While conducting education census in Nigeria is long overdue, experts have said it will be of immense benefit, but require all the seriousness. This is even as they noted that it will not be devoid of challenges but a poly stance that the federal government should pursue with all the necessary political will.

An educationist, Michael Sule, said census on the education sector is very important and an exercise that should have happened long ago with the authority updating the information gathered after two or five years as the case may be.

“It is very crucial to know every details relating to every school in Nigeria, ranging from the infrastructure, number of students, teachers and location among others. It is lack of accurate information that causes the embarrassment of when schools are attacked the school management could not provide accurate number of students missing,” he stated.

He said every year there are changes in the sector, just as there are also in schools. “You see some terms you have students changing schools, infrastructure going bad and teachers leaving. So without regular collation of information you cannot get accurate record.”

While noting that it is a must be embark on the census soonest, he said the federal government must also fathom the possible challenges in embarking on such noble initiatives, such as people giving inaccurate details, the conductor not going to some areas probably because of difficult terrain and, most importantly, the exercise should not be politicised.

The chairman of Voyage International Schools, Abuja, Yussuff Oriyomi, said conducing census in the sector will not only help government to know the number of children in schools, age groups, gender, urban and rural plus other categorizations, but also help it to estimate the number of out of school children as well as how to plan to mitigate the phenomenon.

“School census is a crucial tool as it helps government to plan it’s programmes and direct its interventions properly. School census helps government to know the population in private and public schools and thus how to channel her interventions,” he said.

On challenges likely to be faced in conducting the census, he said inadequate resources to train the enumerators may be an issue and also poorly trained/equipped enumerators may deliver defective census results.

“There is mistrust from private schools about government intentions about the school census, that some of the data given may be inaccurate. School census would be more impactful if it is carried out annually and diligently. But that’s not the case at the moment,” he noted.
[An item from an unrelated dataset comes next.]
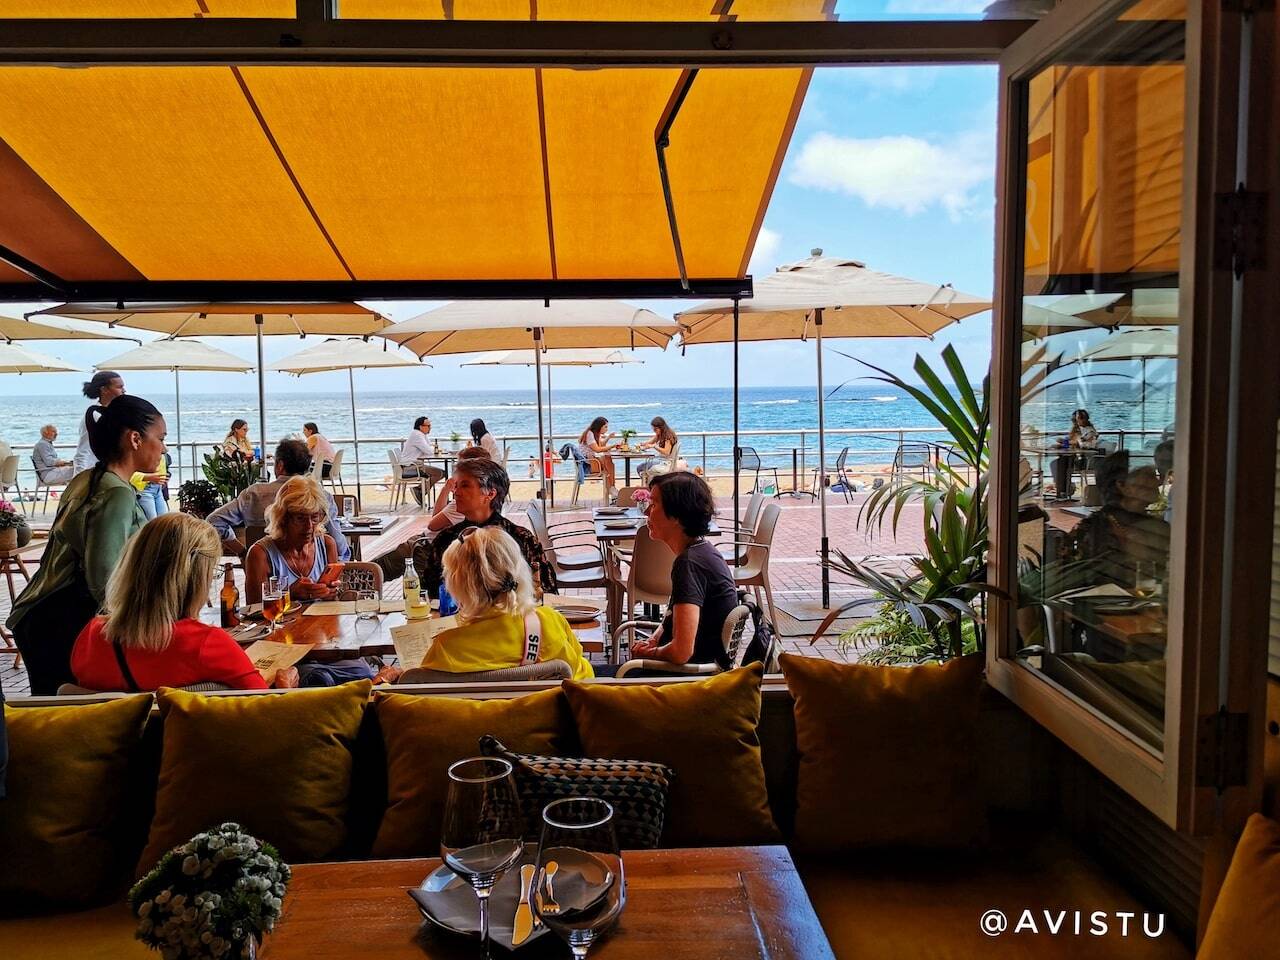 Restaurante con terraza en el Paseo Marítimo,Las Palmas de Gran Canaria

While saying that as of today, the number of children attending non-state schools is far more than public schools, he said the government needed to partner private schools to enhance trust between the two.

“This will aid the accuracy of census figures. This can be achieved by partnering with school associations such as the Association of Model Islamic Schools (AMIS) that have branches nationwide with the headquarters in FCT Abuja,” he said.

He advised government to take accurate data generation more seriously and make adequate budgetary provisions for a robust annual school census.

“Government should partner with donor agencies in the field of education to enhance school census data and also train and equip more enumerators for a productive school census,” he said.

For Sophia Emmanuel, a teacher in a public school, census will go a on way in addressing many issues especially in public schools.

“We have found it difficult to get accurate data to use in Nigeria. Every data you see is the one carried out by international organizations and I can tell you they are not comprehensive and most times not updated, but with an accurate census, we can know the real information on the education sector.

“You go to some public schools and you find out the number of transition to senior classes are low, and yet schools cannot provide concrete reasons for it or the whereabouts of their students: no records of old students or account for some resources given to them, it’s really that bad, “ she said.

She however, advised that the government should not compromise if it wants to address the challenges in the education sector, saying, “Having the right persons who will do the right thing by providing accurate information without politicizing the process is important.”